-- Brief --
Give the lines below again, exactly as they stand, and leave out the images.
**** Recorded data
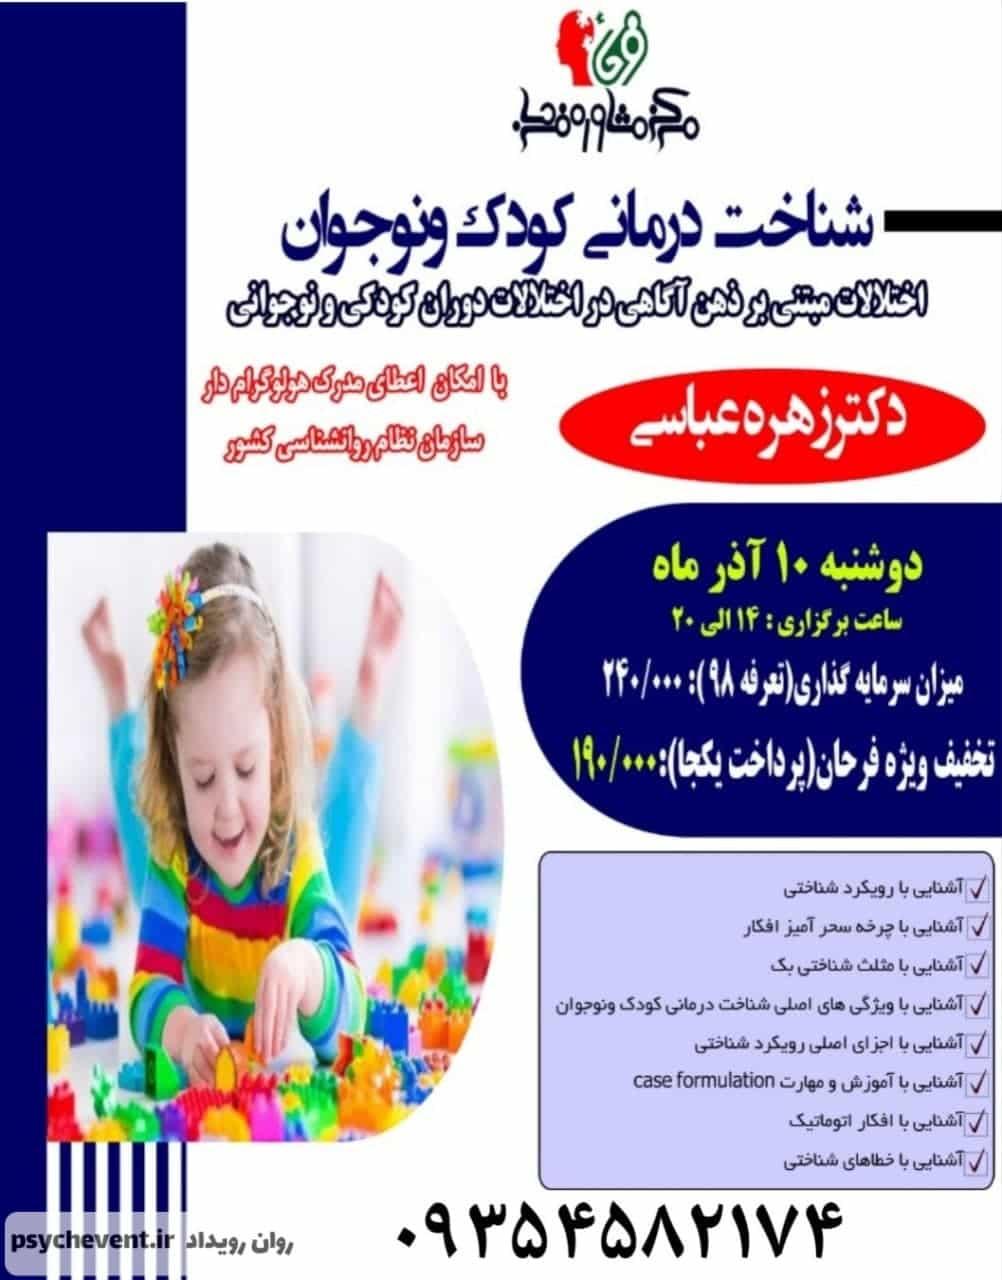 کارگاه شناخت درمانی کودک و نوجوان
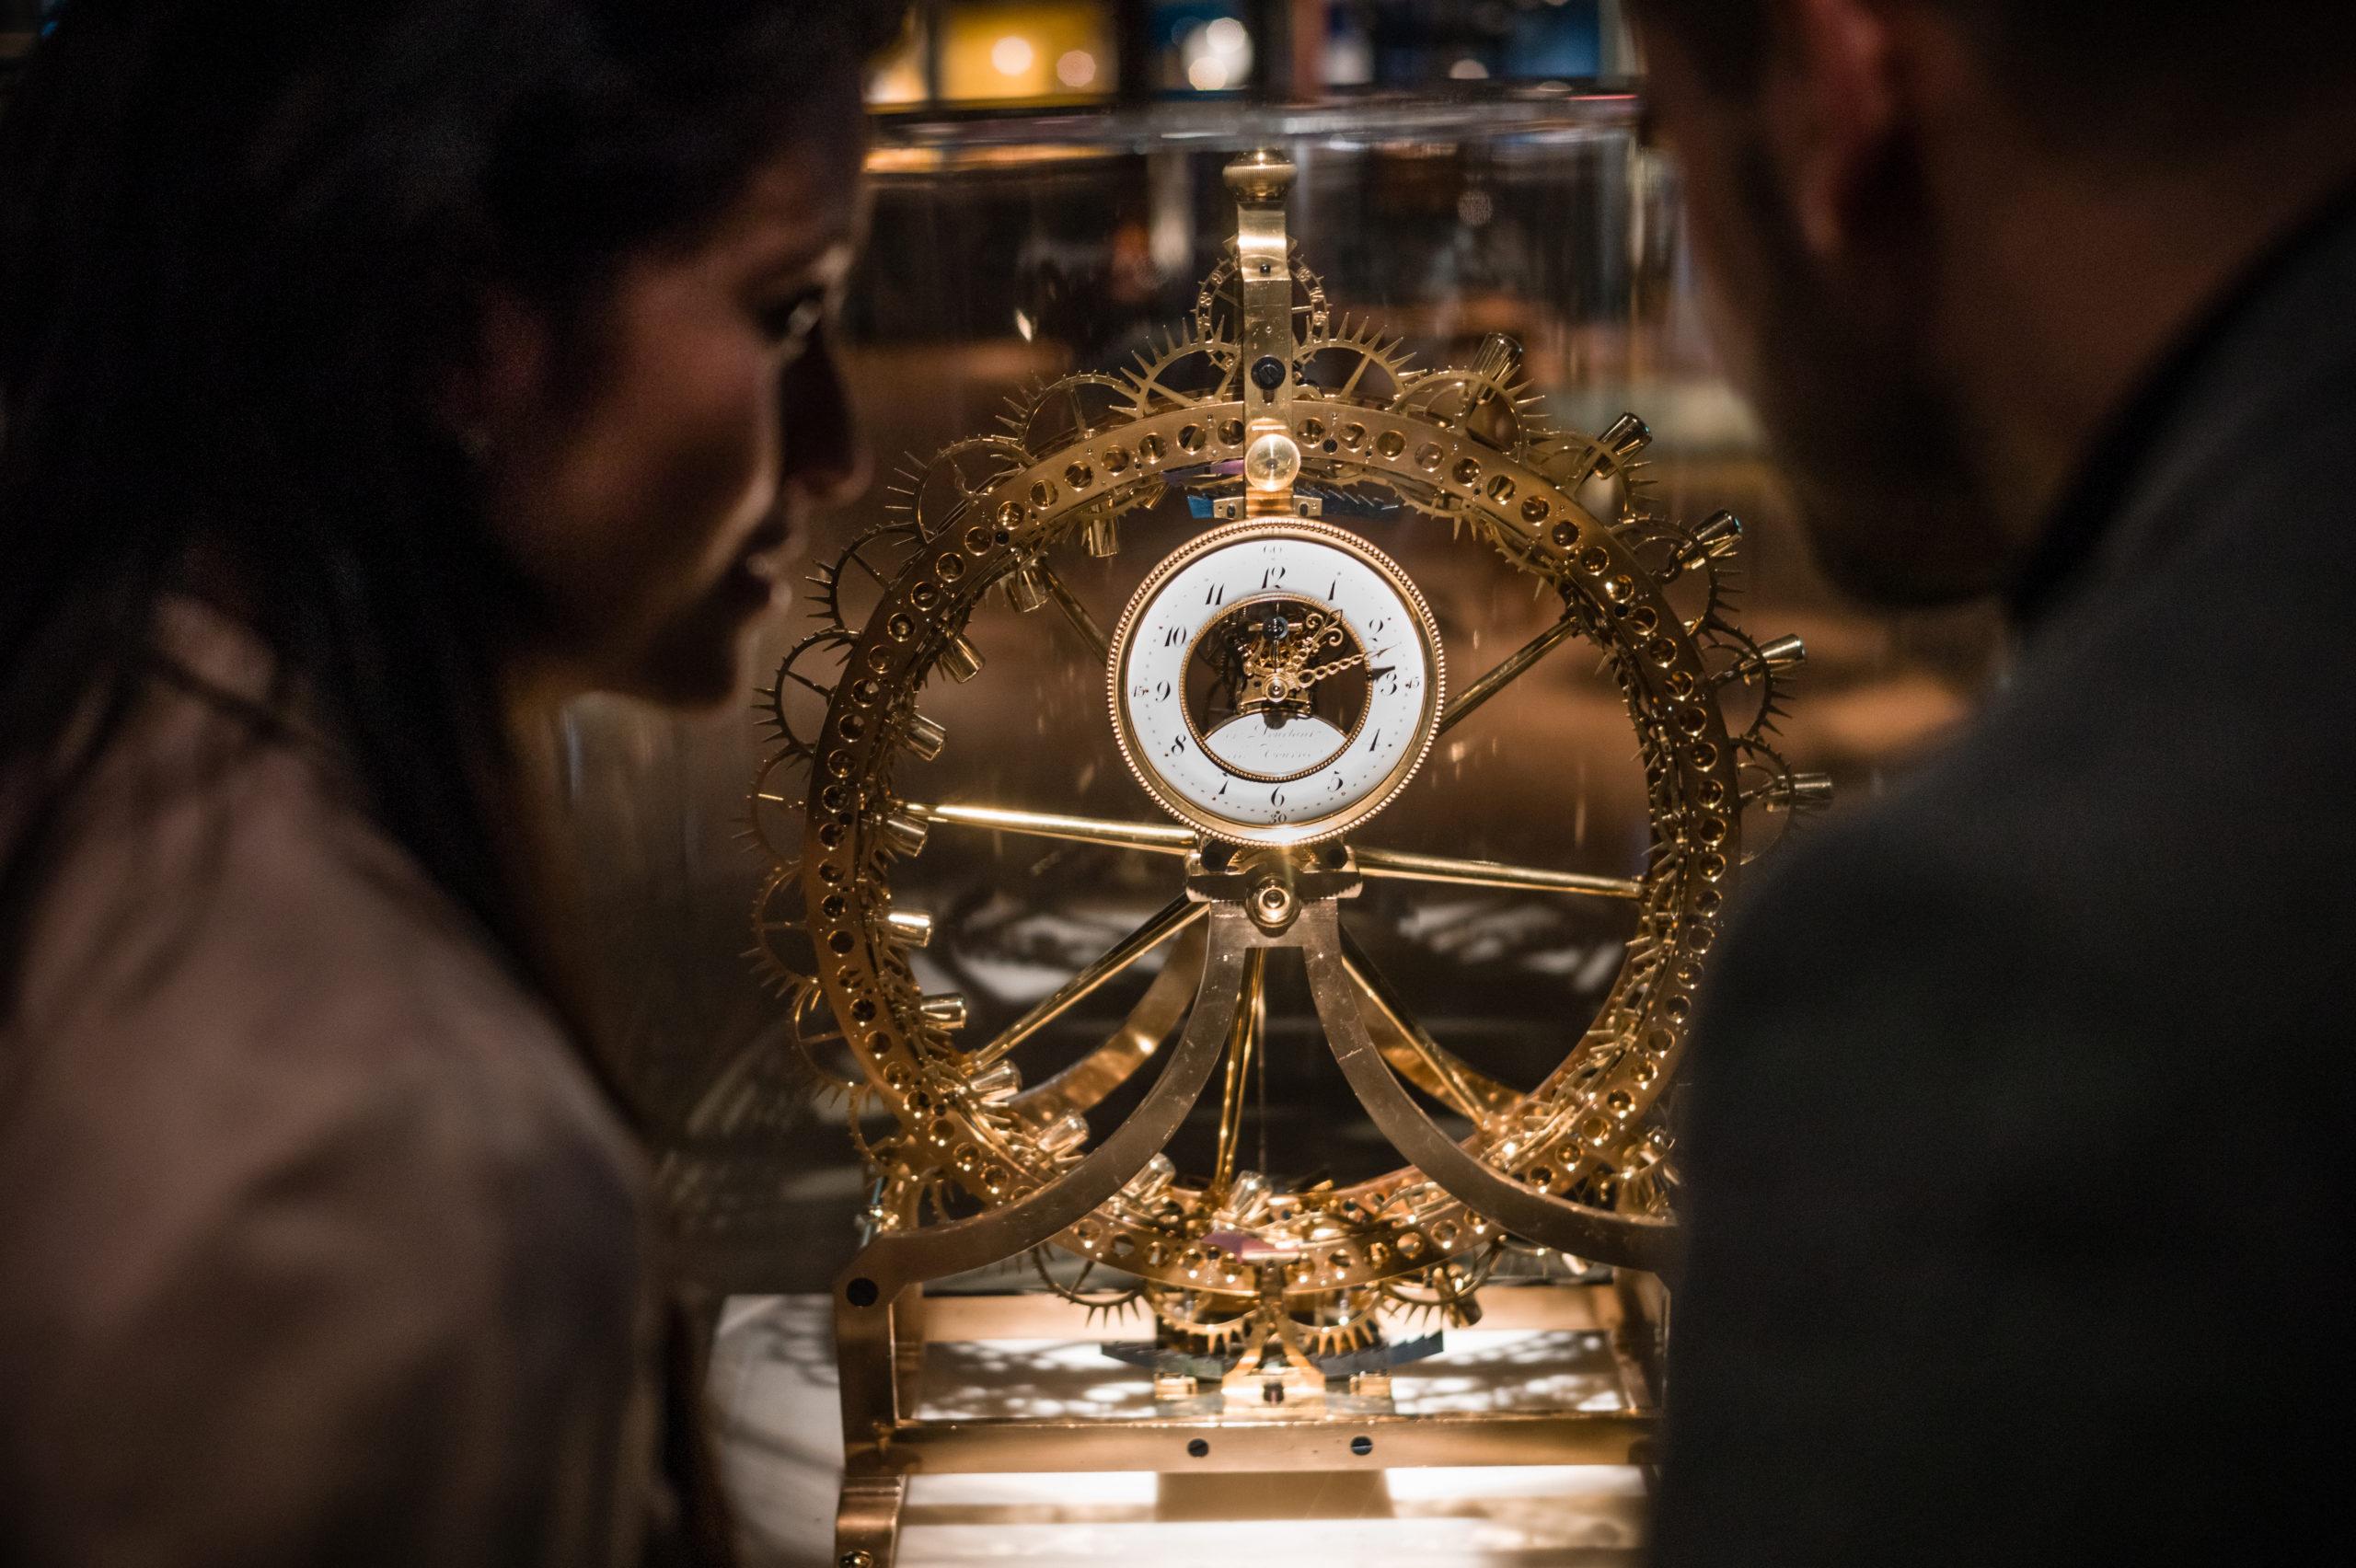 Besuch des Internationalen Uhrmachermuseums
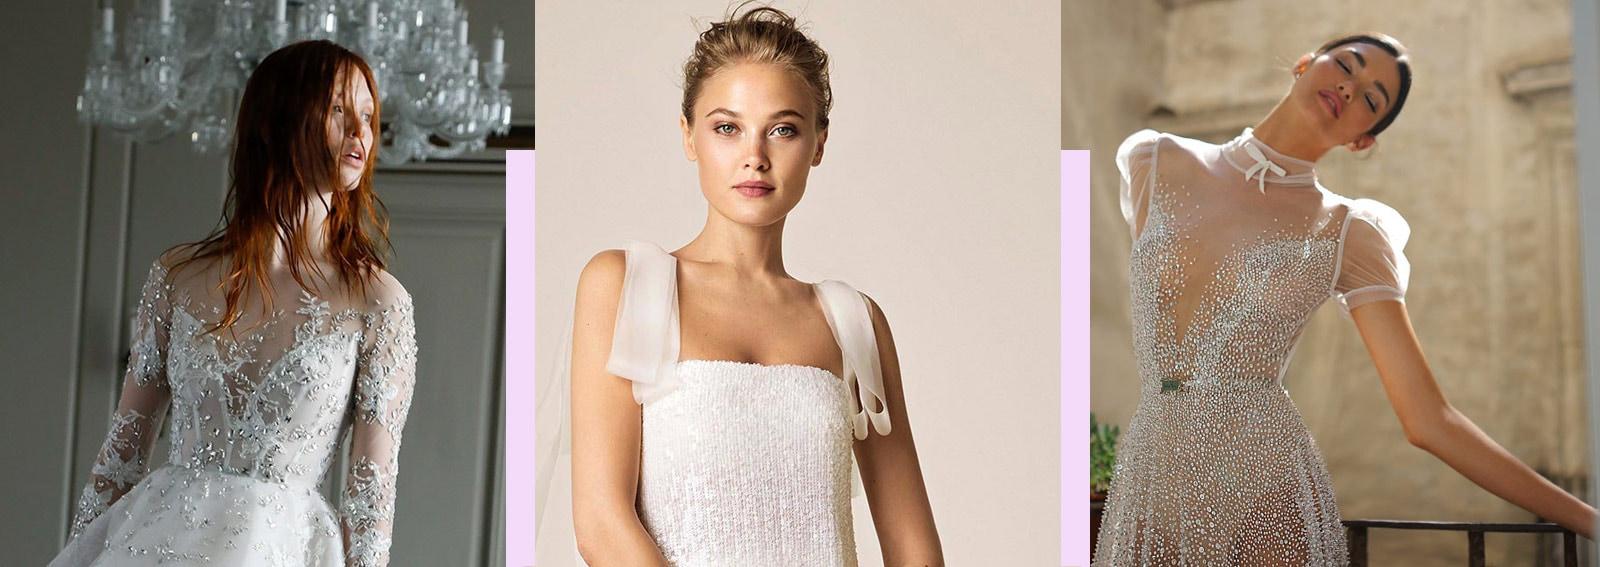 COVER-abiti-da-sposa-decorati-DESKTOP
********
-- Response to this task --
 کارگاه شناخت درمانی کودک و نوجوان
 Besuch des Internationalen Uhrmachermuseums
 COVER-abiti-da-sposa-decorati-DESKTOP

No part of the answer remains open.